Dr. Rahul. N.S 92% (52 ratings)
MBBS, MS - General Surgery, MCh - Vascular Surgery, F.V.E.S
Vascular Surgeon, Bangalore  •  14 years experience
Wounds On The Feet, Not Healing? Find out why!

An injury runs its course of a few days to weeks depending on the size and heals and closes. There could be scarring or mobility issues in some though. However, this does not happen in all cases, and a wound that has not healed for more than 6 weeks is termed as chronic. They are most common in the hands and feet. In those who have mobility issues, hips, buttocks, and thighs are also common areas.

Read on to know more about why this happens and how they can be treated.

Reasons: Though there could health conditions aggravating the healing, most wounds heal late due to 3 reasons:

  1. Poor circulation: A healing wound requires nutrition for the cells to repair, and if there is improper circulation, then healing is definitely delayed. This can happen due to diabetes, malnutrition, reduced mobility, vascular disease, etc. In many unsuspecting people, nonhealing wounds have led to diabetes being diagnosed. Diabetes also affects nerve supply, so delayed healing may go unnoticed too. Post injury, it is also important to completely stop movement, as circulation needs to be maintained for proper, quick healing.
  2. Infection: By preventing tissue regeneration and interfering with blood clotting, they can prolong bleeding and cause chronic inflammation. This leads to delayed healing and in most cases, worsening of the current situation.
  3. Fluid accumulation/edema: Any injury causes leakage of cellular fluid into the surrounding tissues. This causes edema and the surrounding tissue is often swollen. This leads to poor circulation also, which is another cause for delayed healing. Edema also reduces tissue repair difficult, not allowing skin to form over the wound.
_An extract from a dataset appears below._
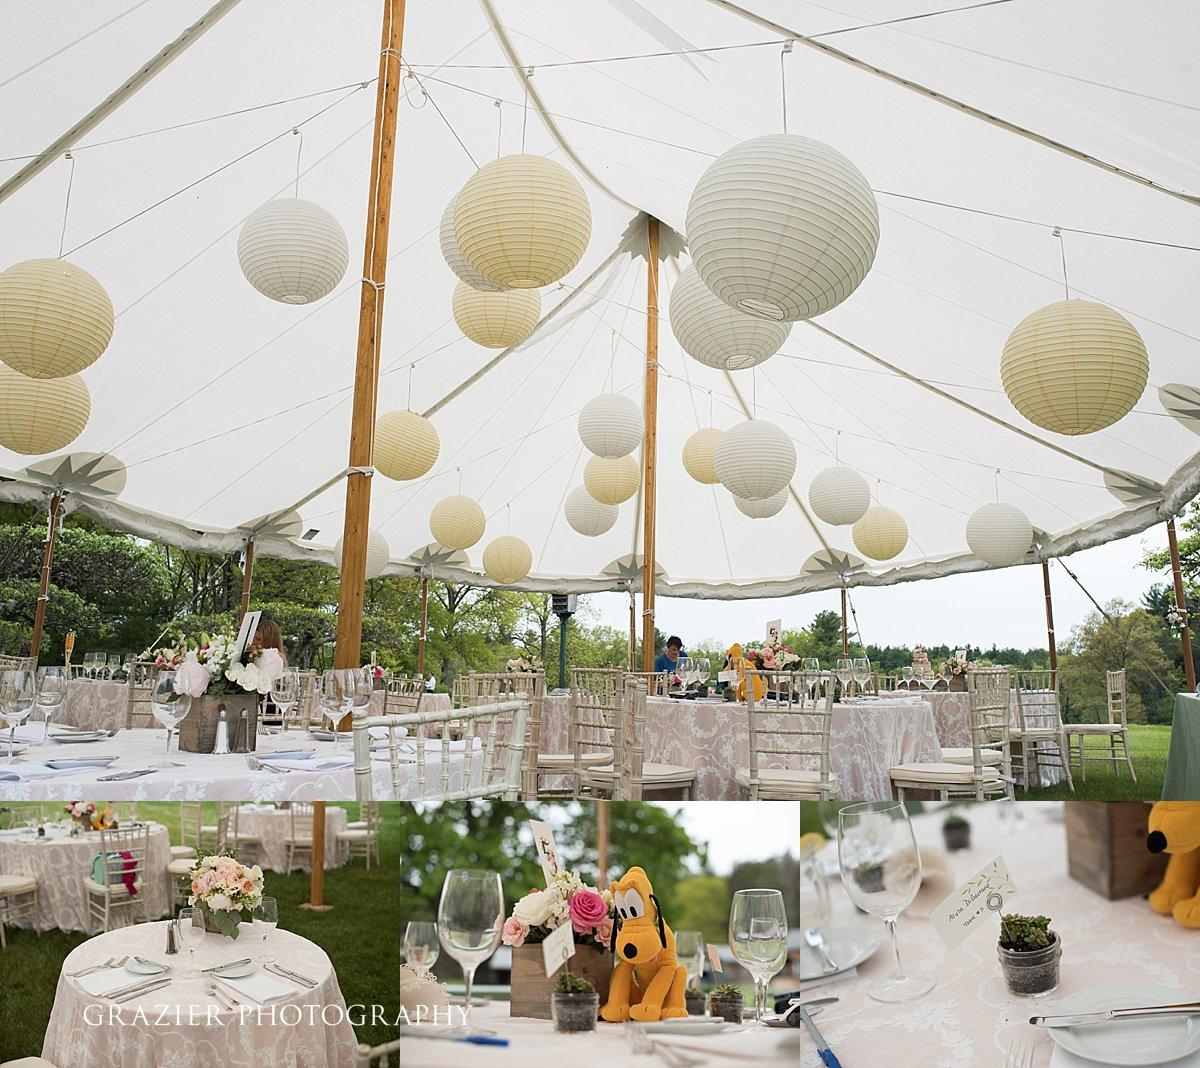 0750_GrazierPhotography_Farm_Wedding_052016.JPG

Symptoms: While the wound per se is an indication, there are also other symptoms which indicate a non-healing wound.

  1. Pain, which has not subsided
  2. Swelling, discharge, odor, and skin color changes due to the ongoing infection. A thin discharge is not worrisome, but a thicker or foul-smelling discharge is definitely a cause for concern
  3. Open wound: Most wounds heal within the 30-day period. If the wound is open beyond that, it is always advisable to seek medical support.

Management: This would include generic and local treatment.

Generic treatment would include a nutritious diet, good sleep and rest, adequate exercise and rehab program to ensure adequate mobility, and frequent monitoring. In addition, conditions like diabetes have to be monitored and brought under control.

Local treatment options would be:

  1. Wound debridement and skin or tissue grafting
  2. Medications to improve wound healing
  3. Hyperbaric oxygen to provide more oxygen to the wound in particular
  4. Vascular repair to improve circulation.

Delayed healing of wounds should not be ignored; timely medical help can avoid complications.